“We can’t be the world’s policeman.”
That was the exclamation I overheard which set in motion an essay to answer the dilemma of safety and responsibility in an unsettled world.
This is a largely abstract work, one relying heavily on the application and ballast of common sense. On one hand, there is little patience in me for voluminous empirical observations that are, really, exponents of one unifying phenomenon, much as a score of spokes pleonastically describes the radius of a wheel. Why comment on all of them? On the other hand, I do not claim to be a proper academic, so I do not propose to satisfy for any reader the formal dissection of one thesis or another. Intellect is a resource, not a refuge. A vision can only be birthed with ideal but the power of a vision is only as strong as its practical application, and it cannot remain an ideal.
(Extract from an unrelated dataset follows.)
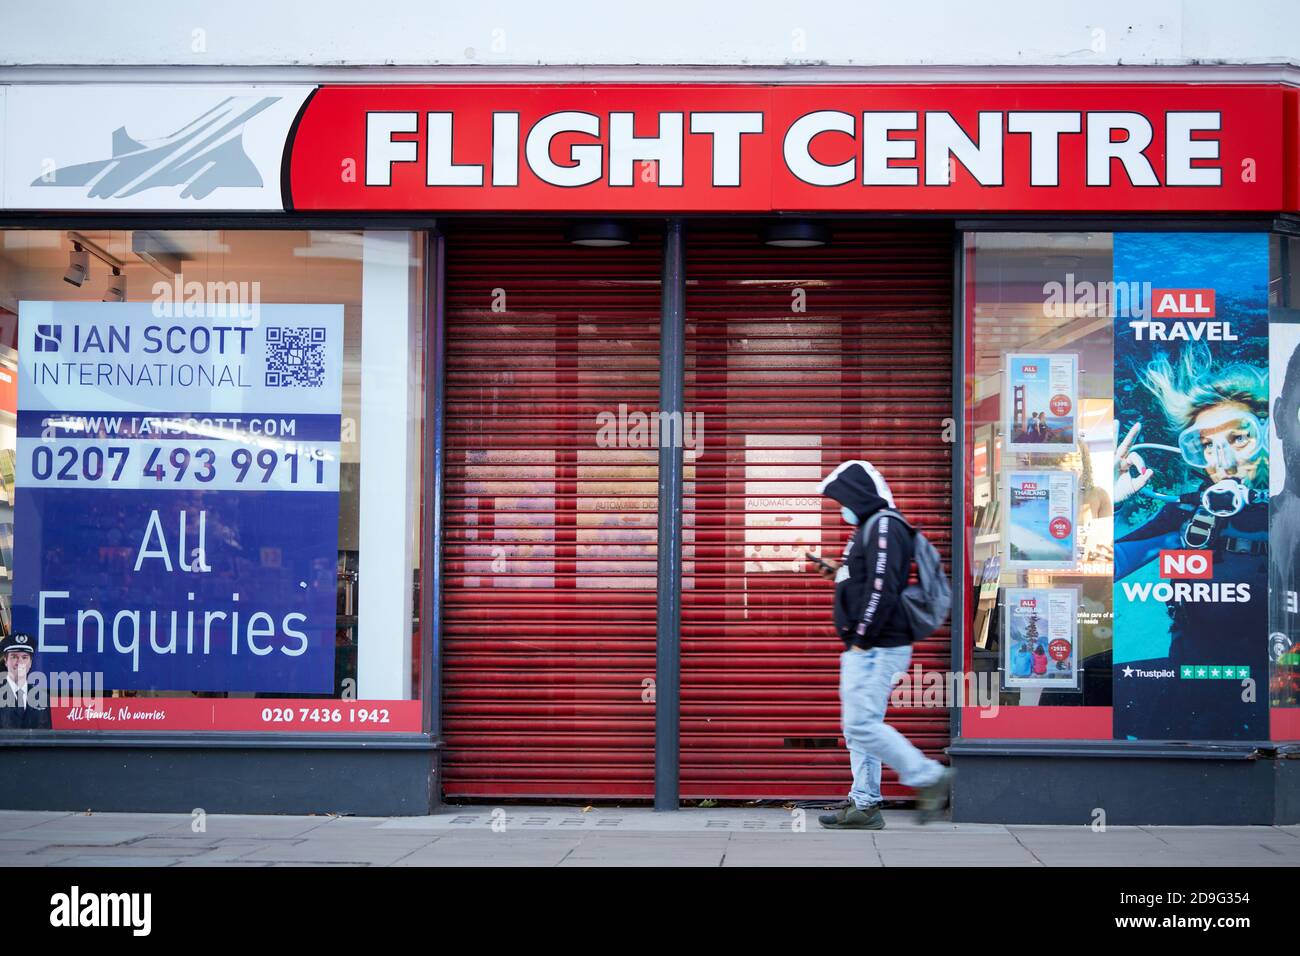 Londra, Regno Unito. - 4 Nov 2020: Un negozio Shuttered Flight Center su Oxford Street e l'annuncio per un nuovo inquilino. Dall'inizio della pandemia del coronavirus la compagnia di viaggi ha chiuso oltre 400 negozi in tutto il mondo. Foto Stock
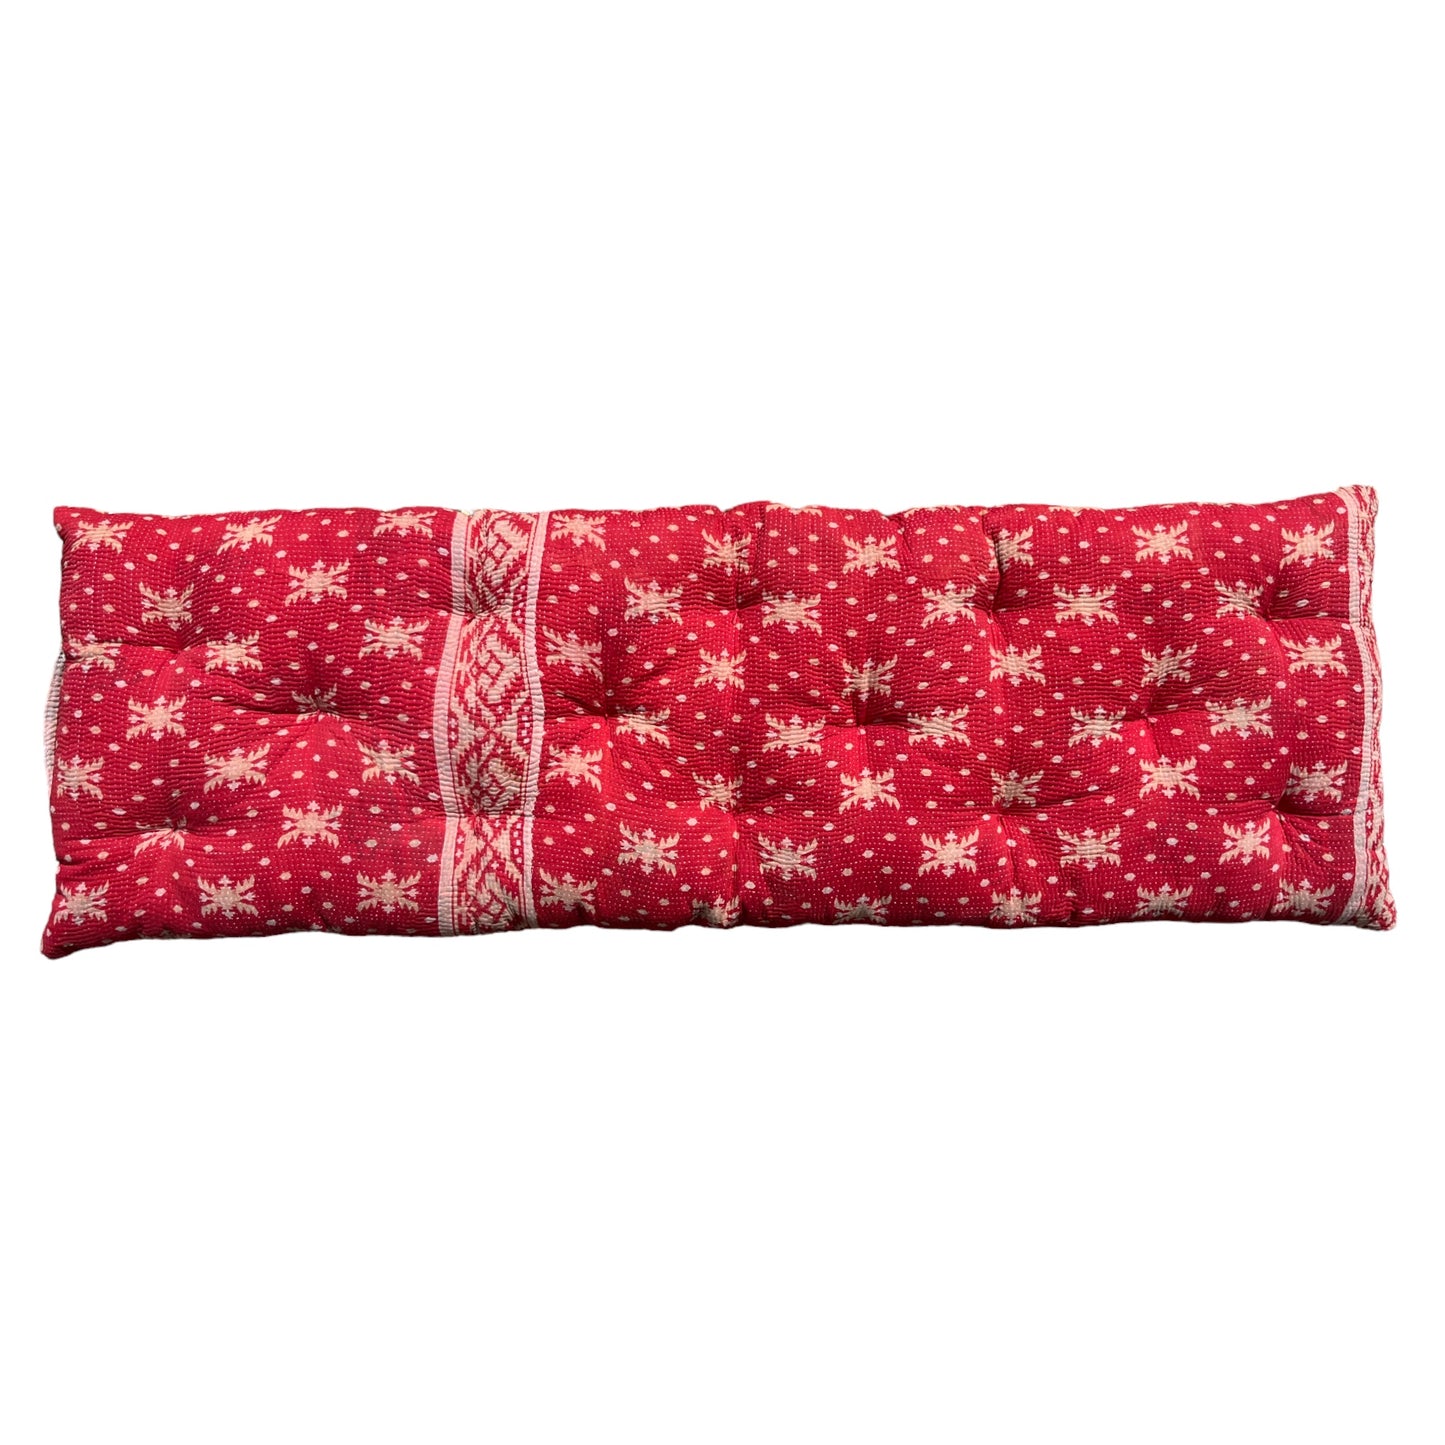 Red kantha bench cushion

It is my experience that one should become very suspicious of the well-learned man who appears more a caretaker of his theories than a philosophical navigator for his fellow man. We should all be humbled by those of few words who are doing what others only speak of, and but reconditely.
This essay is the response to a much shorter, informal exploration of the topic that was typed up in about an hour on the evening of February 23rd of this year. The five months necessary to complete a thorough address are in part due to inevitable research and editing, but also to confront reasons for undertaking what is, for me, a somewhat terse writer, by far the largest dialectical project in or out of academia.
When I earned a Bachelors degree three years ago, I vowed never to attend graduate school for various reasons - not the least of which being a lack of need for progressive education reserved for the lawyer or the doctor - though I now additionally see I have since learned much without the artificial impetus of coursework and grading. Mere interest in matters and their edifying pursuit have propelled me instead. In a sense, this essay can be seen as a culmination not unlike a Masters thesis, and so less, in my eyes, an authoritative challenge to the debate at large than an account of knowledge and its employment. This essay is only an introduction. I am then most eager to, through experience and insight in coming years, refine my reasoned speculation on the forward course of mankind.